As one would expect, make that desire, nay, demand from a movie bearing such a title, David Spade’s 2001 offering Joe Dirt is defiantly lowbrow and scuzzy. And yet it’s also funny, one of the diminutive former Saturday Night Live star’s best solo screen offerings. If that’s a somewhat dubious distinction, so be it. But if you also enjoy Spade in small doses courtesy of his supporting work on everything from Just Shoot Me to 8 Simple Rules…, yet have never sampled of his screen wares outside of his collaborations with the late Chris Farley, this is probably as fine a place as any to start, certainly better than 1999’s Lost & Found.
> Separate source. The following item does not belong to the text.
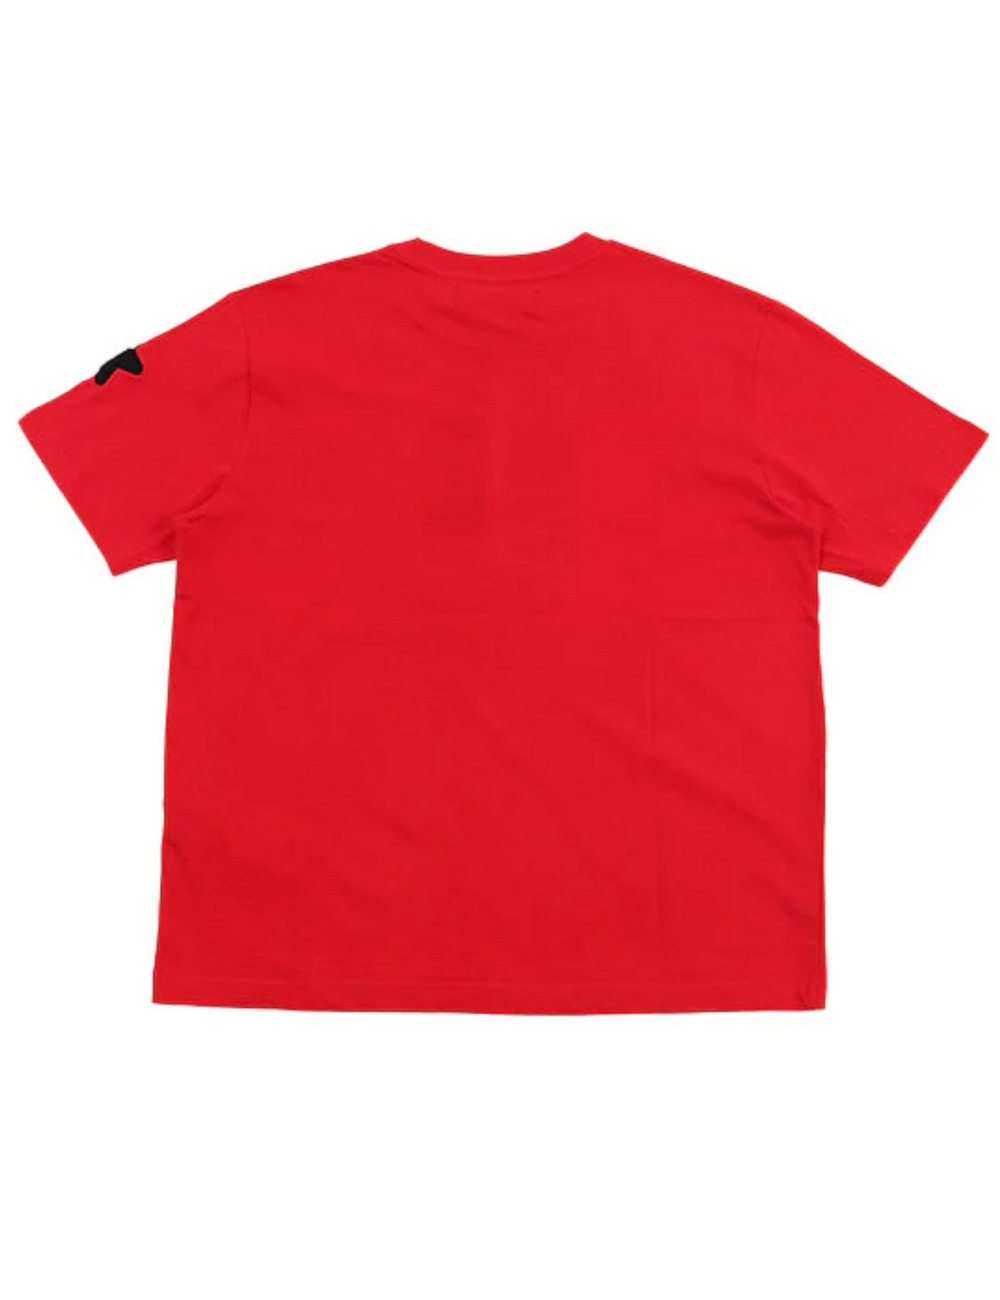 レインボースカルTシャツ(半袖) / RAINBOW SKULL T SHIRT 詳細画像 レッド 2

Spade stars as the eponymous, ridiculous mullet-sporting embodiment of every trailer trash joke known to humankind, a man-child abandoned by his parents at the Grand Canyon when he was little who’s had to fend for himself ever since. He does this chiefly by befriending a fallen meteorite and debasing himself through a variety of low-paying, menial jobs, but against considerable odds Joe also strikes up a friendship with the smokin’ hot Brandy (the smokin’ hot Brittany Daniel), though he eventually leaves her because he thinks he’s not good enough for her. Utilizing a flashback structure in which Joe relays his life story to a bemused Los Angeles drive-time disc jockey (Dennis Miller) who holds him up to (oblivious) ridicule, Joe becomes an unlikely cause célèbre and finally tracks down his long-lost mom and dad.

Needless to say, Joe Dirt’s particular brand of comedy went over like an I-Roc full of bricks overseas
, where it grossed less than one-tenth of its $30 box office haul, and it likely will do the same to dyed-in-their-wool Blue Staters who’ve never escaped an airport terminal between New York, Boston and Los Angeles. But there’s a real sense of heart to the humor here, as well as heartening amount of detail that helps create a healthy and convincing backdrop. Co-written by Spade and Fred Wolf, and directed by Dennie Gordon (a skilled episodic television vet with the features What a Girl Wants and New York Minute also unfortunately to her credit), the film plays up Joe’s never-quit spirit, making for a real loser for whom you can root. A plethora of friendly cameos (including Christopher Walken as a whacked-out janitor and Kid Rock as a romantic rival) and comedic asides fit relatively neatly into the narrative, with only a bit nipped from The Silence of the Lambs involving a psychotic serial killer of questionable sexual orientation (Brian Thompson) seeming too much of a conceit-butchering stretch.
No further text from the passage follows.